外壁まわりって、最初は小さな気になる所から始まりやすいです。
ひびを1か所直す。
次はシーリング。
今度は別の面の色あせ。
こうなると迷うんですよね。このまま小さな補修を重ねるほうがいいのか、それとも一度まとめて整えたほうがいいのか。
先に結論だけ置くと
まず一番大事なのは、今起きているのが点の問題か、面の問題かを分けることです。
小さな補修が向くのは、傷みが本当に一部だけの時です。逆に、補修箇所が少しずつ増えているなら、もう局所対応だけでは追いにくくなっているかもしれません。
| 見たい軸 | 小さな補修を重ねやすい | 一度まとめて整えやすい |
|---|---|---|
| 傷みの出方 | 局所的で数も少ない | 別の面や別の部位にも広がっている |
| 見た目 | 多少の補修跡が気になりにくい | つぎはぎ感が出てきている |
| 今後 | しばらく同じ悩みが出にくそう | また別の補修が近いうちに出そう |
ここを押さえると迷いにくいです
補修を重ねるのが悪いわけではありません。問題は、補修のたびに別の所が気になり始める流れに入っているかどうかです。
たとえば、目地の一部だけ傷んでいる。サッシまわりに小さなひびがある。物が当たって一部だけ欠けた。こういう時は、小さな補修を重ねるやり方で十分なことがあります。
小さな補修が向きやすい場面
この場合、無理に一度大きく工事する必要はありません。必要な所だけ押さえるほうが自然です。
実際、外壁材メーカーの案内でも、局所的な亀裂や欠け、目地の傷みには部分補修や塗装補修で対応する考え方が示されています。
一方で、毎年のようにどこかが気になるようなら、少し見方を変えたいです。
ひびの次は目地、その次は色あせ、その次は別面の補修。こうなってくると、局所対応を繰り返すより、いったん全体を見直したほうが話がまとまりやすいです。
| 一度まとめて整えやすいサイン | 理由 |
|---|---|
| 補修箇所が増えている | 局所ではなく全体の疲れとして見たほうが自然だから |
| 見た目のつぎはぎ感が気になる | 部分対応の積み重ねではまとまりにくいから |
| 次の補修がまた出そう | 手戻り感が出やすいから |
ここが分かれ目です
補修のたびに少し安心するけれど、また別の場所が気になる。その流れに入っているなら、今の1回分の費用だけでなく、今後の手間も含めて見直したほうがいいことがあります。
ここで気をつけたいのは、小さな補修をしたから終わり、と思い込まないことです。
メーカー案内でも、適切な時期に適切なメンテナンスをせず放置すると、外壁材だけでなく建物全体の不具合につながることがあるとされています。
この順で見ると分かりやすいです
小さな補修を重ねるか、一度まとめて整えるかで迷った時は、今の1回分の金額より、今後の管理のしやすさで見ると分かりやすいです。

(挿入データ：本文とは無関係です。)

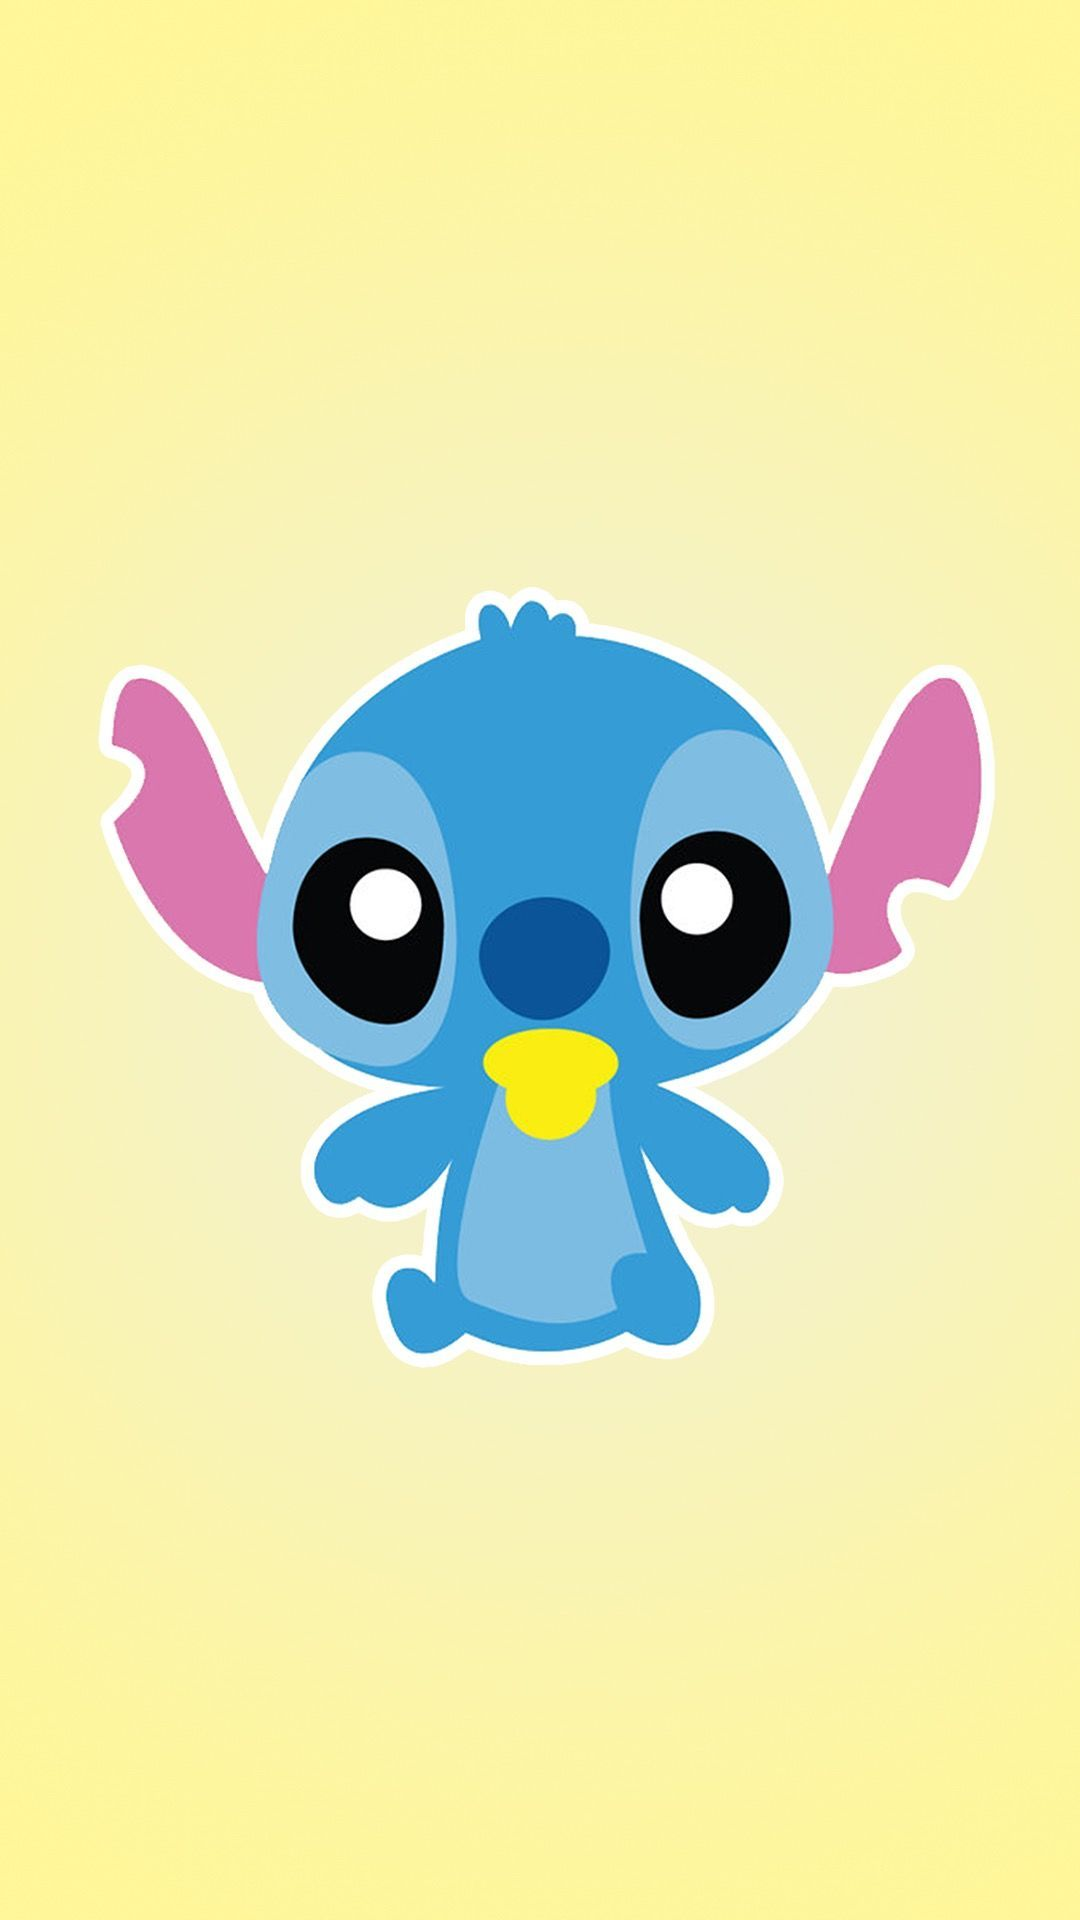 Angel Cute Iphone Wallpaper Disney Stitch

手間を分散したいなら小さな補修。ここでいったん整理してしばらく落ち着きたいなら、一度まとめて整える。そう考えるとかなり決めやすいです。
そのまま使いやすい聞き方
「この家は、まだ小さな補修を重ねる段階ですか。それとも一度まとめて整えたほうが分かりやすい段階ですか。そう言える理由も教えてください」
1回ごとの負担は軽く見えやすいです。ただ、何度も繰り返すなら、結果として手間や気持ちの負担が大きくなることもあります。
補修箇所が増えていて、全体の疲れも見えているならやりすぎとは言えません。むしろ、そのほうが納得しやすいこともあります。

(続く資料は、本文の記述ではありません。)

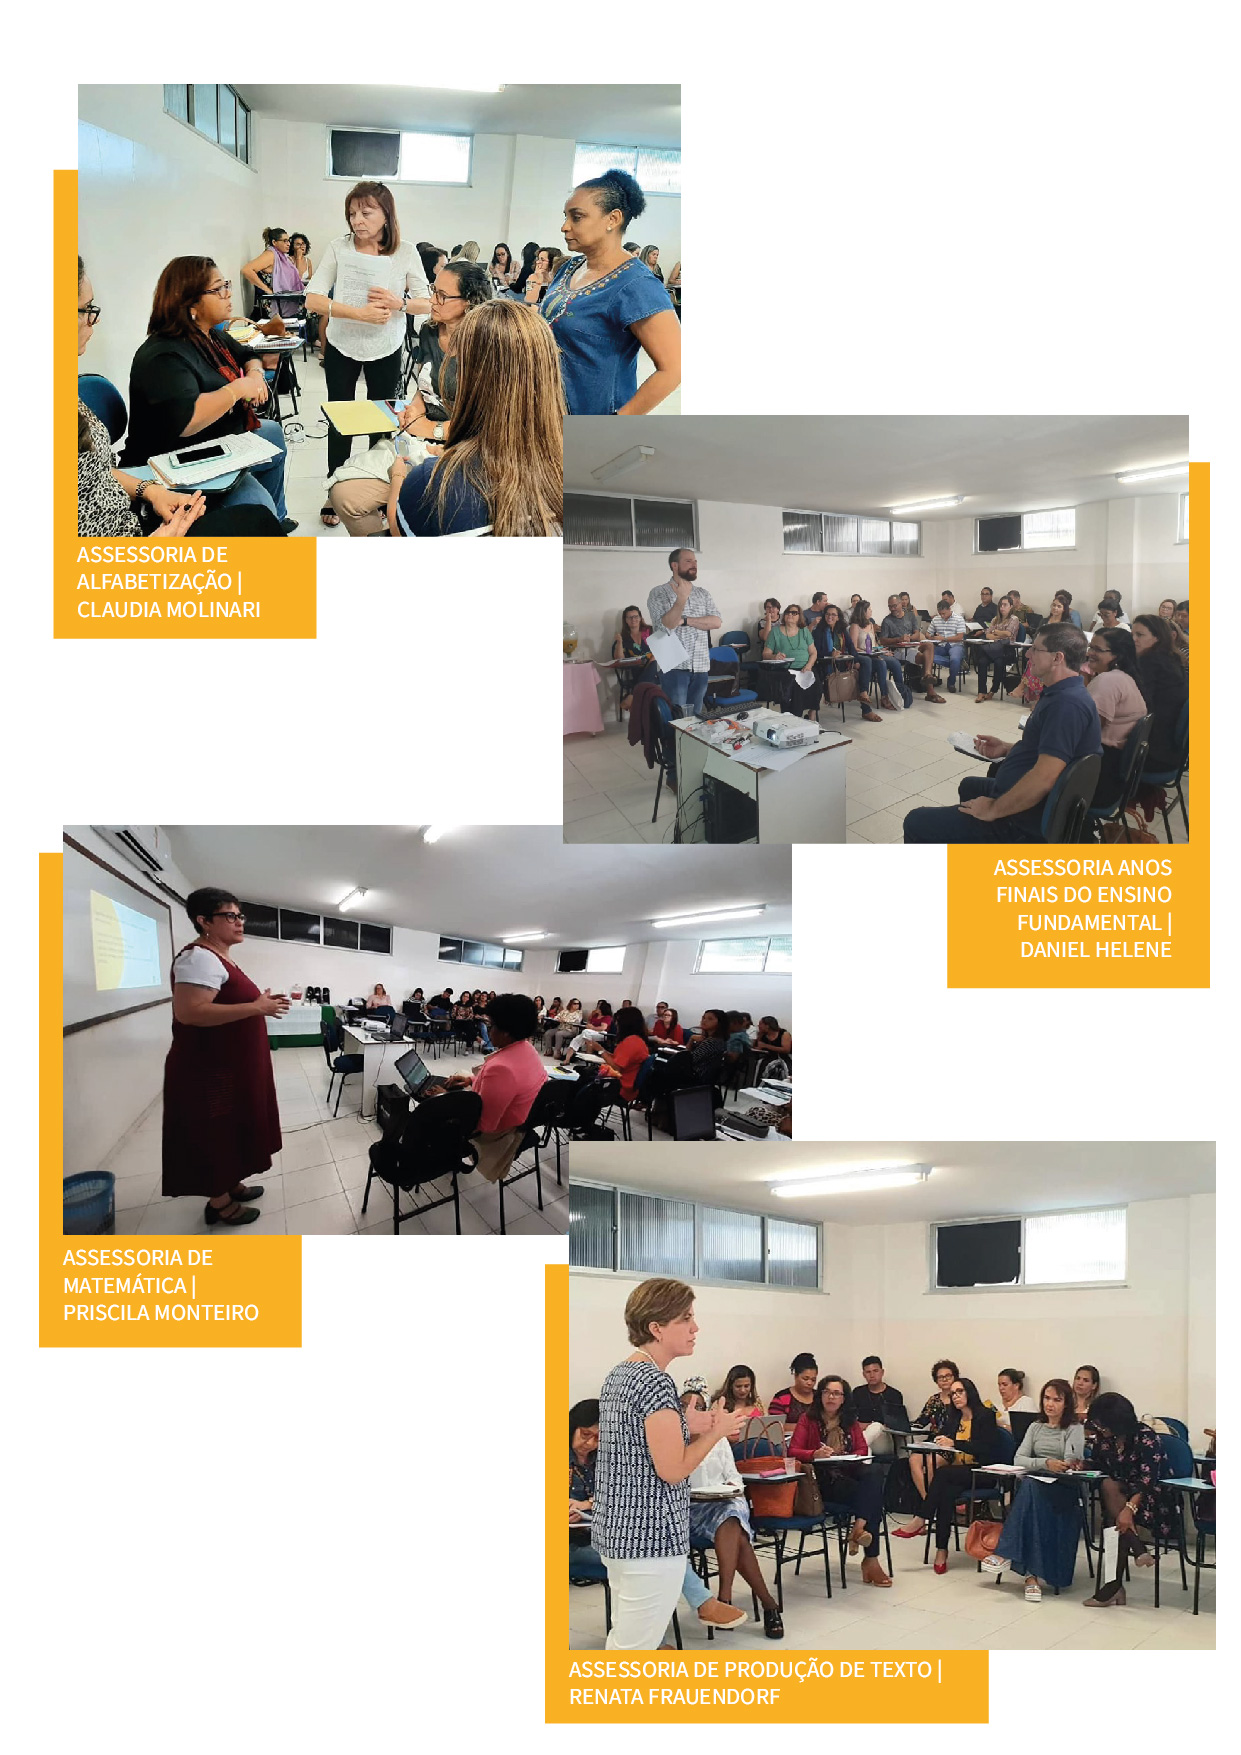 ICEP - Boletim edição 2, versão impressa_Fundo copy 15

まずは局所対応で足りるかを見るのが先です。ただ、今後すぐまた別の不具合が出そうなら、最初からまとめて整える案も並べたほうが分かりやすいです。
小さな補修を重ねるか、一度まとめて整えるかで迷った時は、今の不具合が点なのか、もう面で出ているのかで見ると分かりやすいです。
局所なら補修。広がり始めているならまとめて整える。まずはこの分け方で十分です。
最後は、今の費用だけでなく、今後の管理のしやすさまで含めて決めると外しにくくなります。